**EXERCISE DATA:**
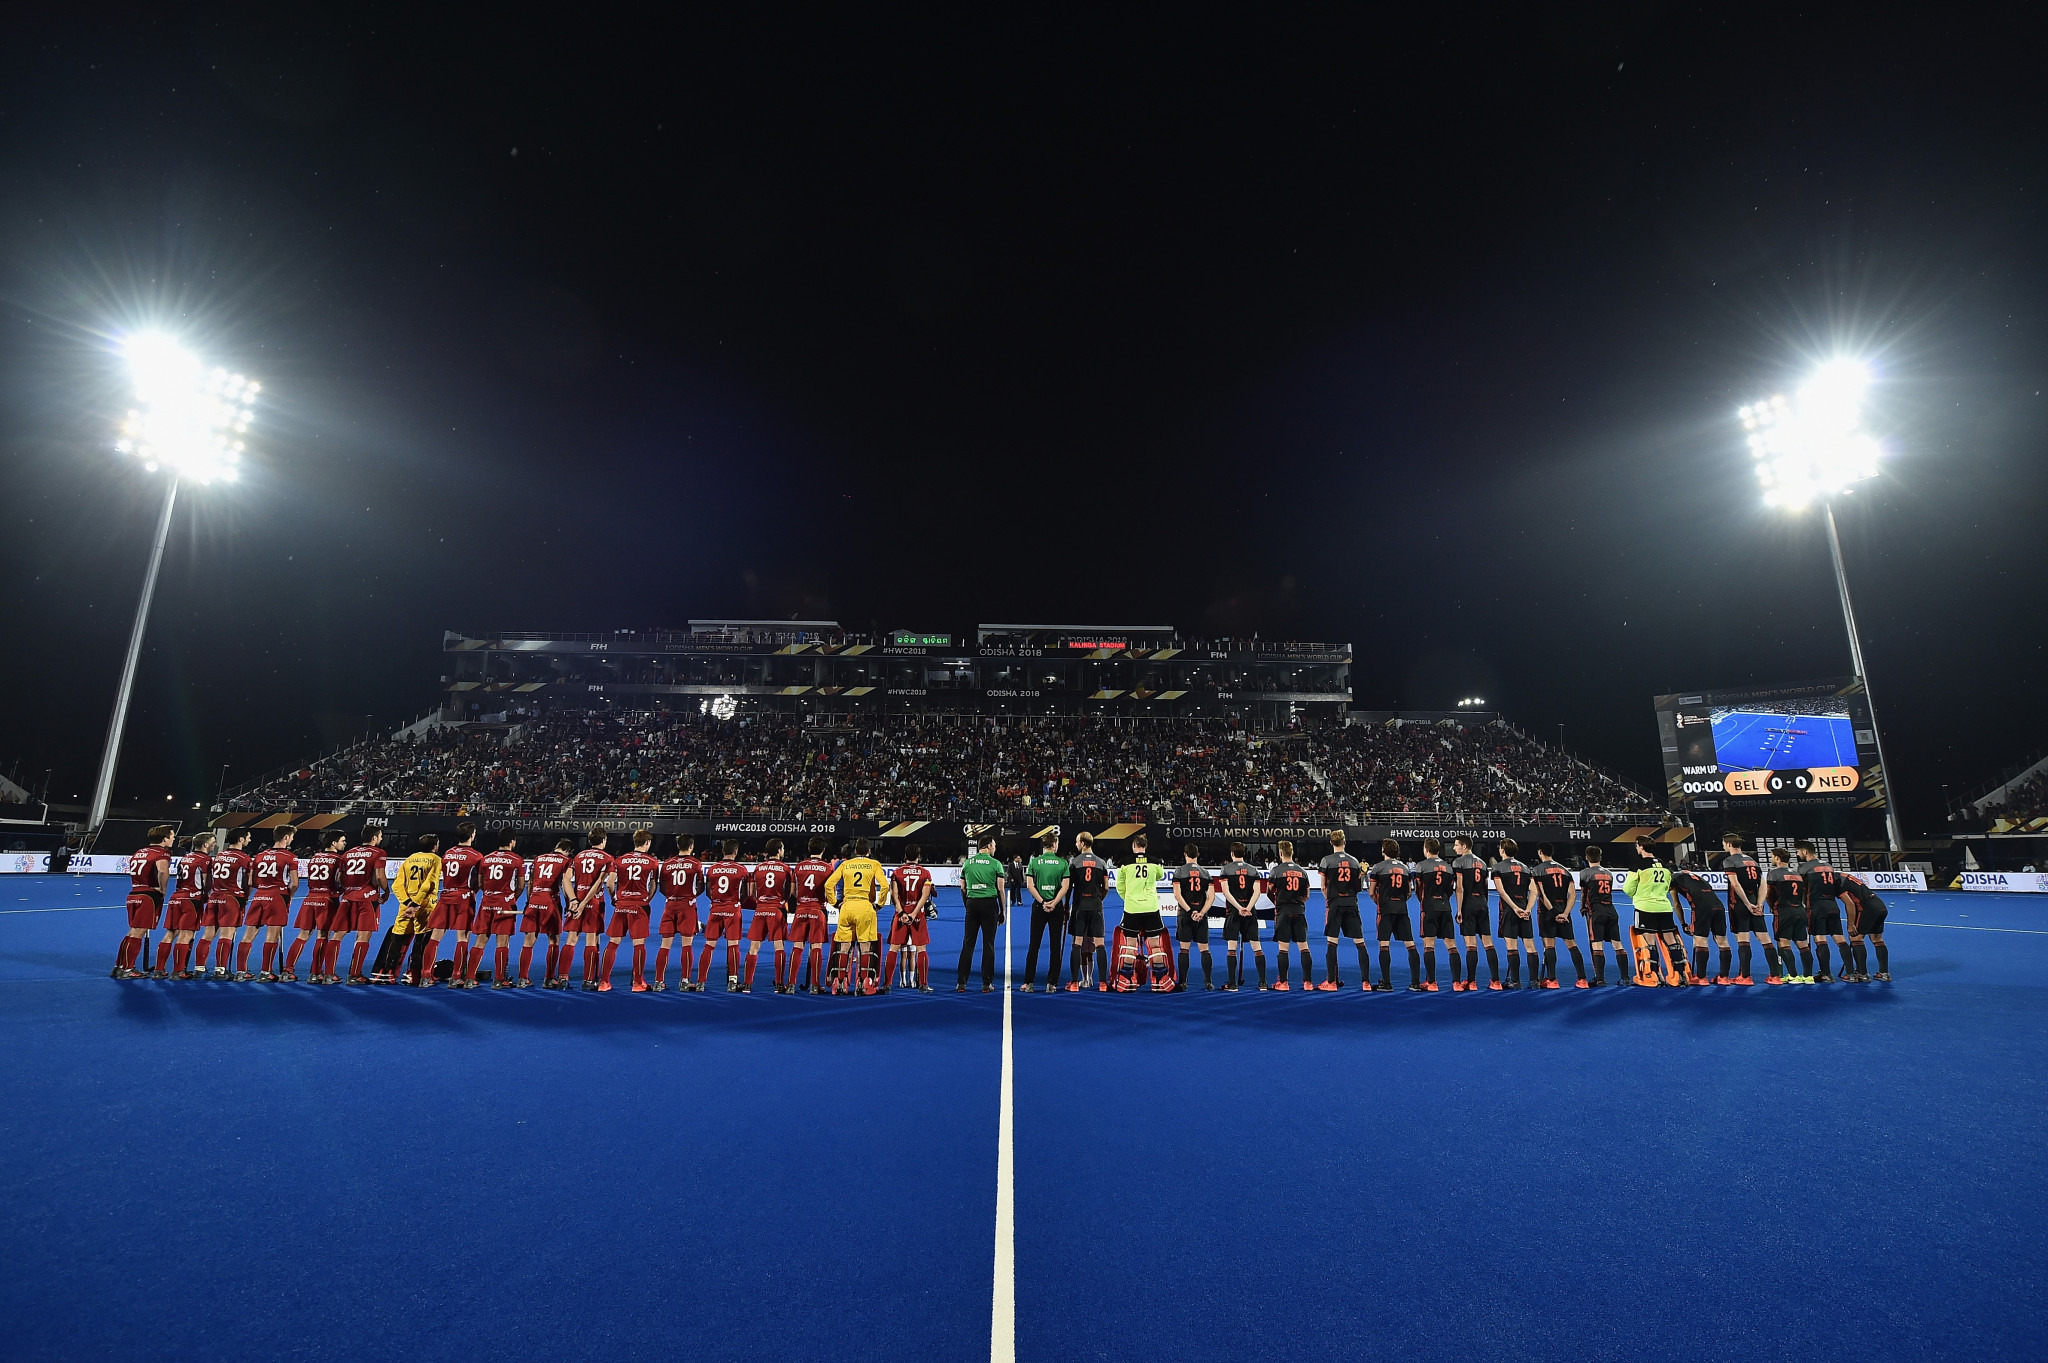 The FIH Series Finals event in Bhubaneswar will be held at Kalinga Stadium, where the 2018 FIH Men's Hockey World Cup was held ©Getty Images
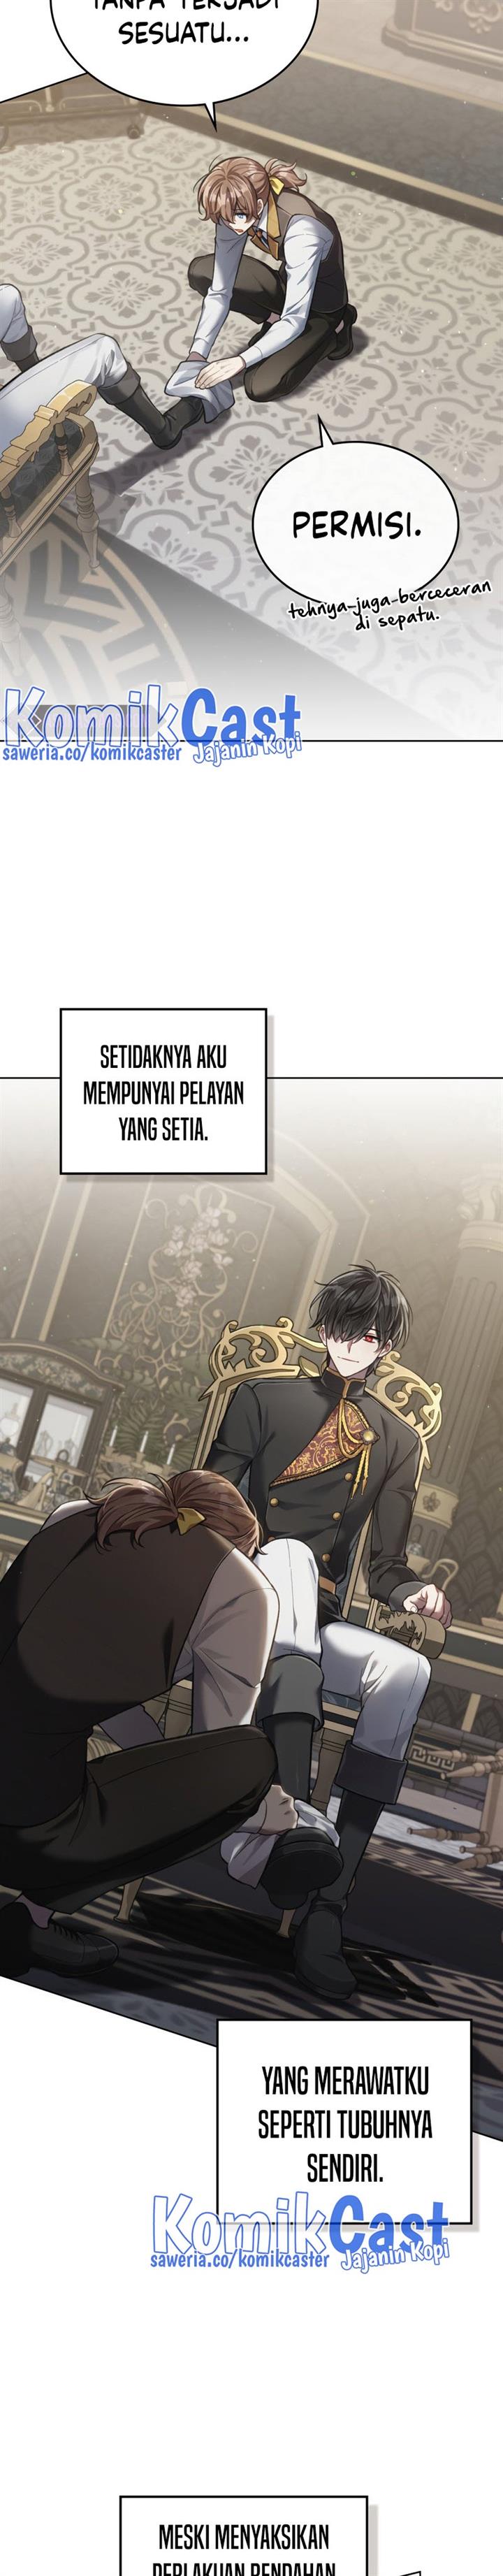 Reborn As The Enemy Prince Chapter 3
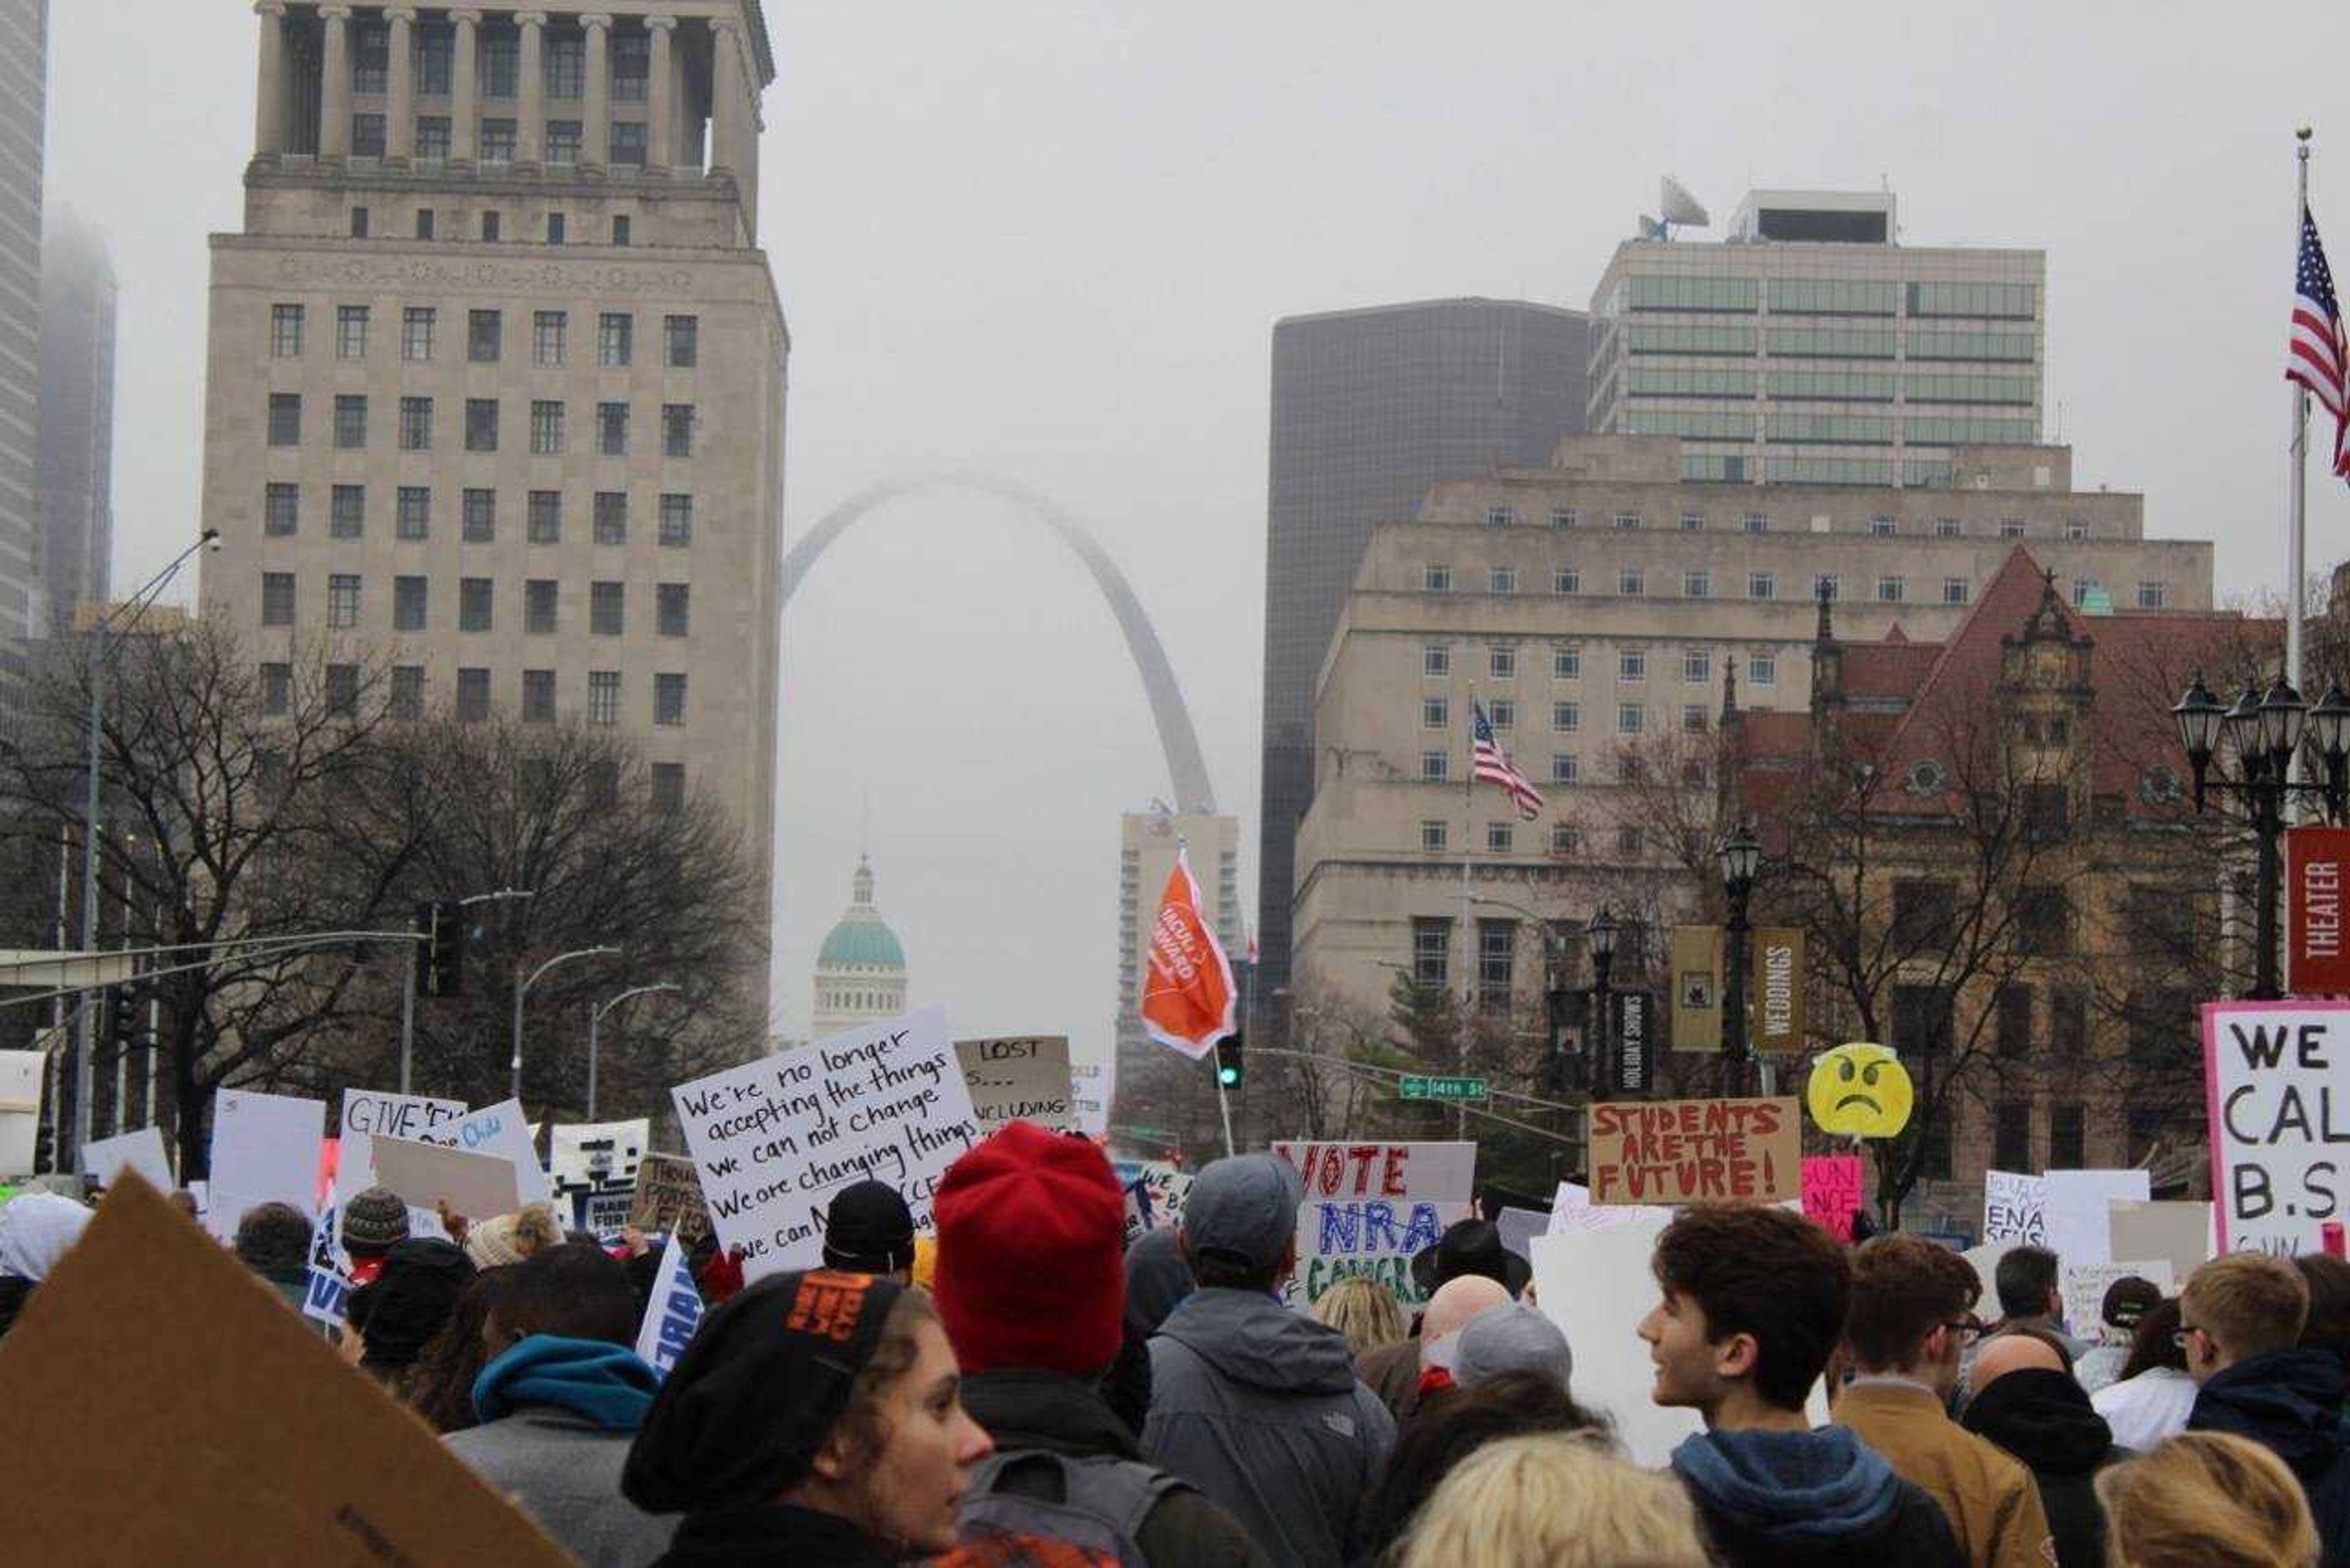 A scene from the Saint Louis March for Our Lives on March 24.

**WORK TASK:** Starting from the line that has "Reborn As The Enemy Prince Chapter 3" and ending at the last line of the material above, every line should be output exactly; pictures are dropped and nothing else appears.

**SOLUTION TO THIS TASK:**
 Reborn As The Enemy Prince Chapter 3
 A scene from the Saint Louis March for Our Lives on March 24.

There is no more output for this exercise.